Local Multi-Node Spark Cluster in a DevContainer – Zero Setup, Plug and Play

Posted Apr 20, 2025 Updated Apr 20, 2025

By Krijn van Rooijen

12 min read

Data engineering workflows with Apache Spark often involve complex setup procedures, environment configuration, and dependency management. Traditional approaches to creating local Spark development environments frequently lead to “works on my machine” problems, inconsistent behavior across team members’ setups, and significant time spent on configuration rather than actual development.

This article presents a solution that creates a complete, production-like Spark cluster locally using a DevContainer with Docker Compose. The setup includes a Spark master, multiple worker nodes, history server, Jupyter server — all in a development environment with PySpark and Jupyter notebooks integration — configured automatically and ready to use.

The complete setup with the full code and a condensed explanation is available and linked at the bottom of this article.

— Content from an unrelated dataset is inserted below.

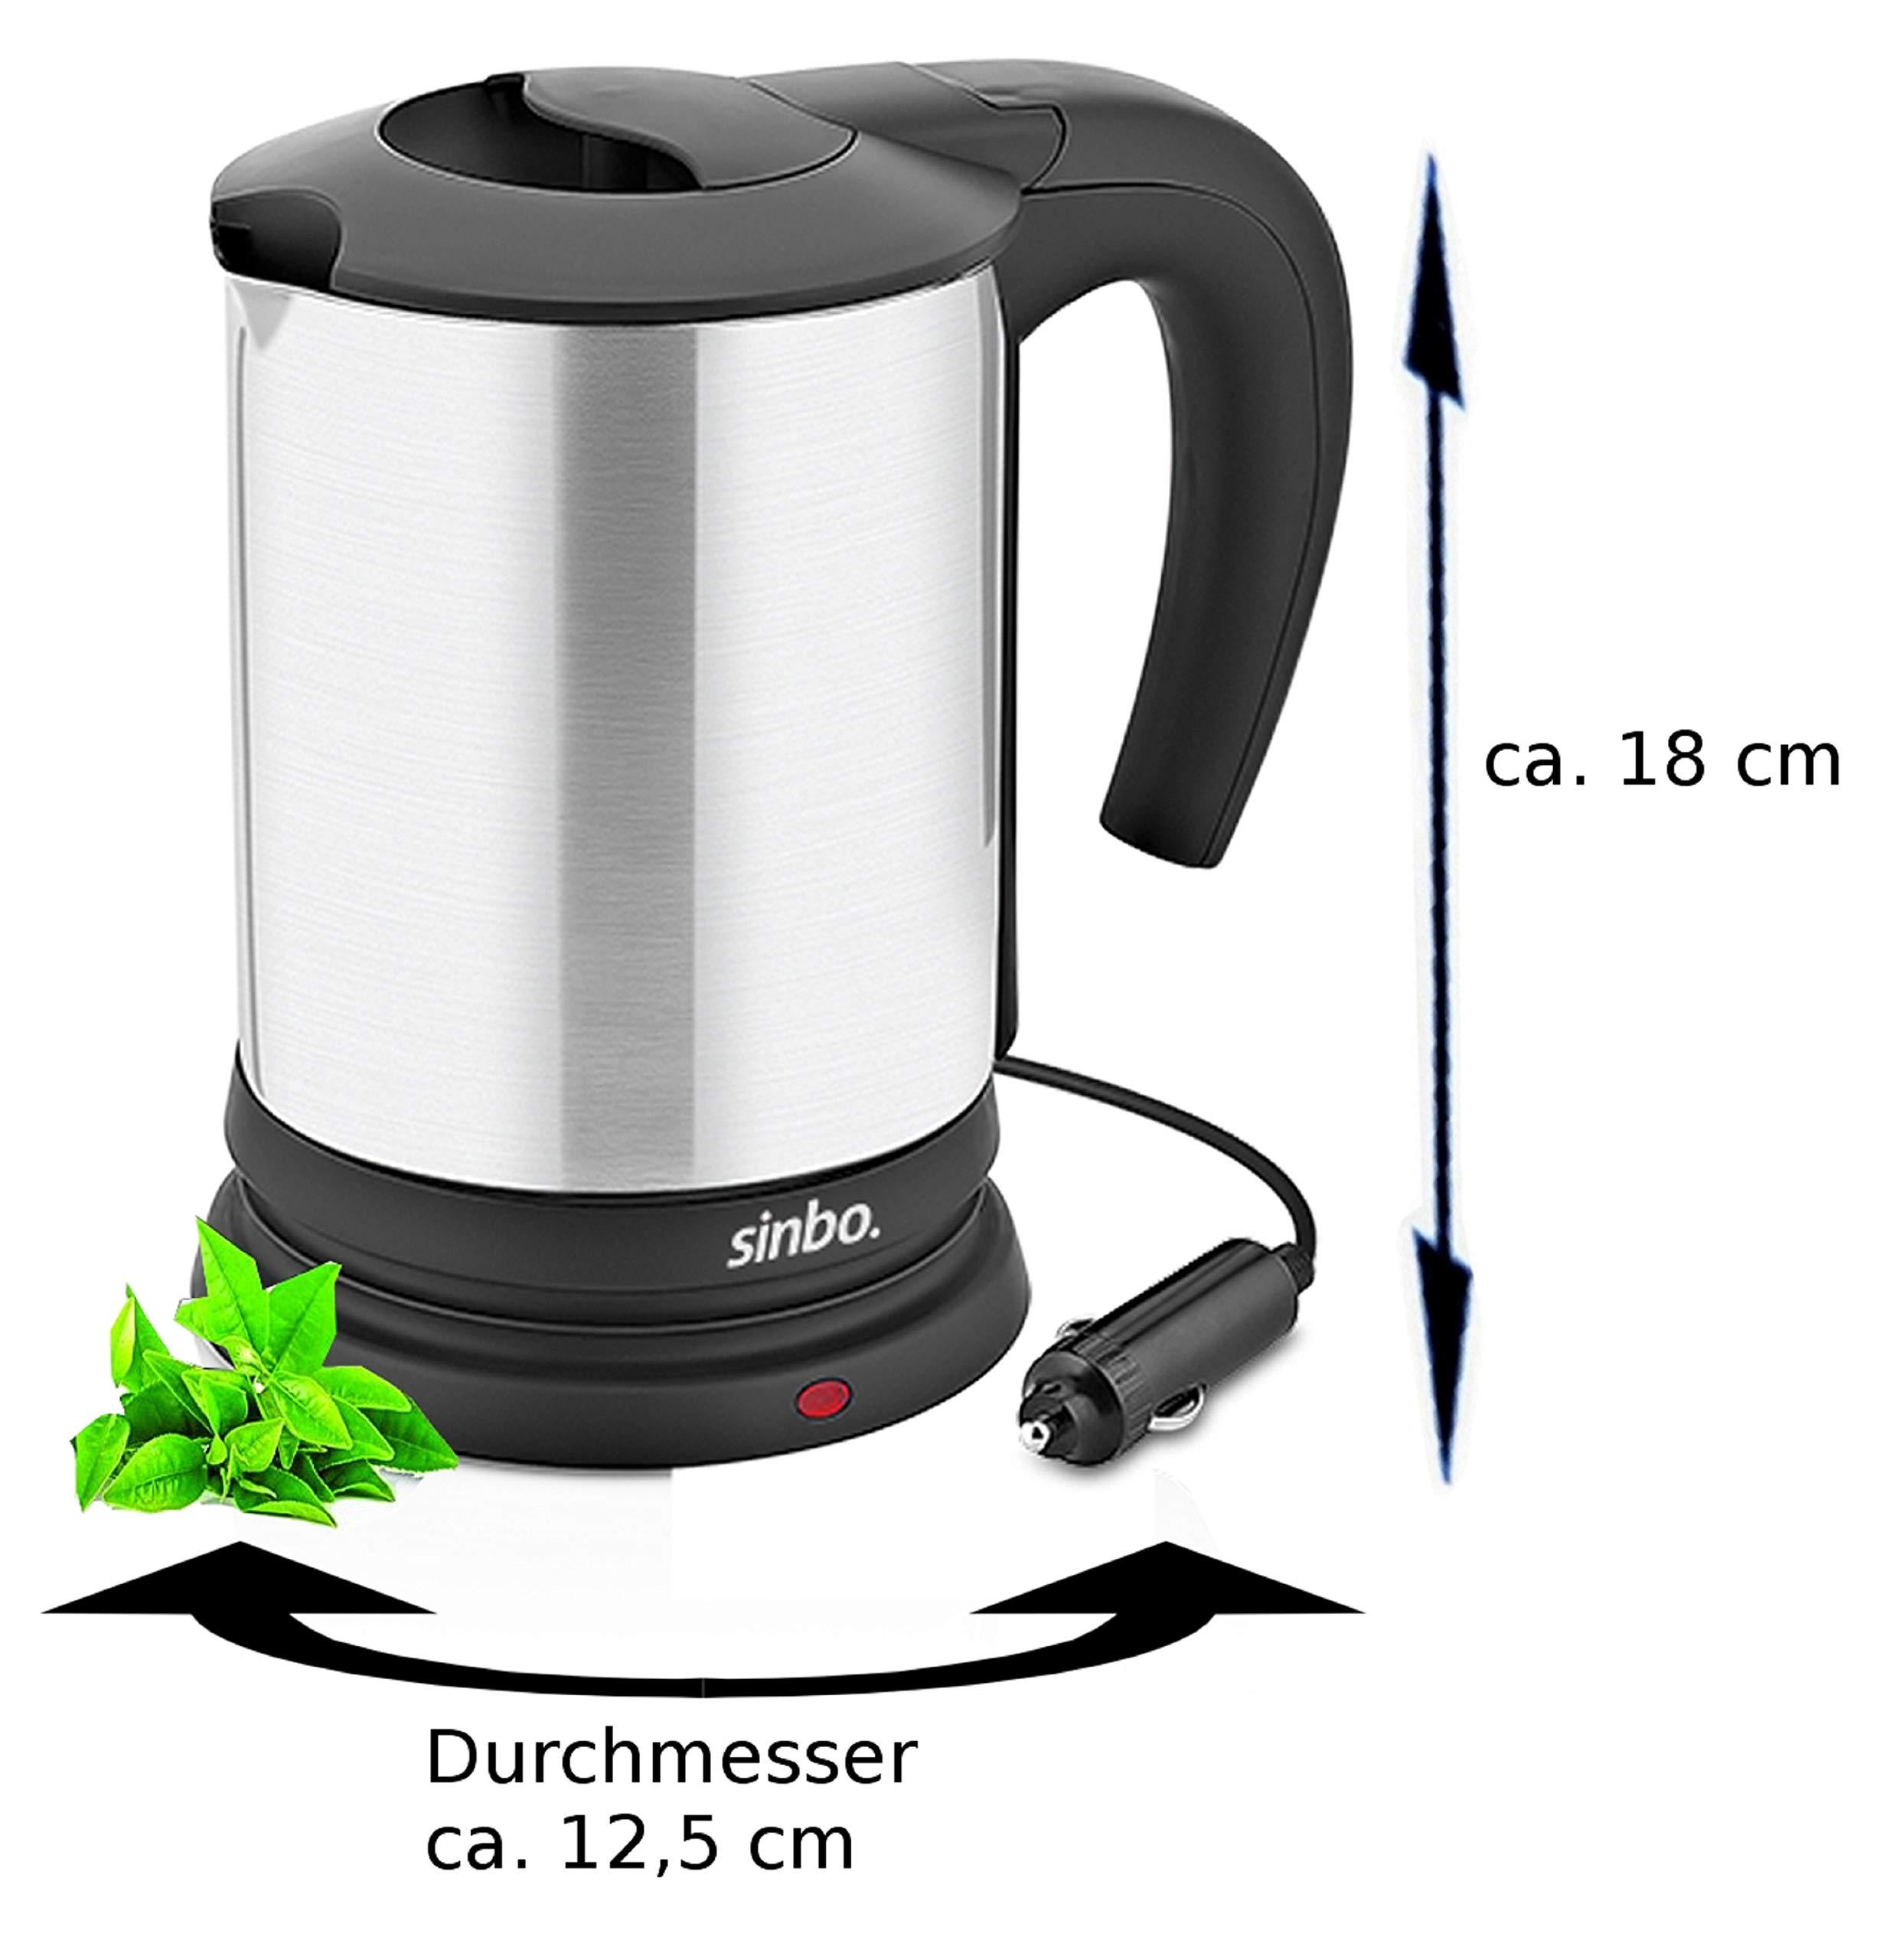 Reise-Wasserkocher-Camping-Wasserkocher-Mini-Wasserkocher-Campingwasserkocher-Camping-kettle-12-Volt-120-Watt-Hochwertiges-Edelstahl-1-Liter-Trockenkochschutz-Kein-Stromkabel

Why a Local Spark DevContainer?

Multi-node testing — Simulate distributed workloads on a real cluster.
Zero setup — Launch everything with a single command.
Consistency — Every developer shares the exact same config.
Isolation — Avoid conflicts with local software installs.
Version control — Track environment changes in your repository.

New to DevContainers?

I’ve written a three-part guide on DevContainers, covering the basics to advanced workflows: Check out the full series below:

DevContainer Cluster Architecture

The local cluster is composed of:

DevContainer: Python, Spark, Jupyter, and CLI tools.
Spark Master: Schedules jobs and manages cluster state.
Two Spark Workers: Simulate distributed compute.
Spark History Server: View and debug completed jobs.

All services run on a private Docker network. The Spark master is reachable at spark://spark-master:7077 from within the containers. Key UIs are exposed to the host.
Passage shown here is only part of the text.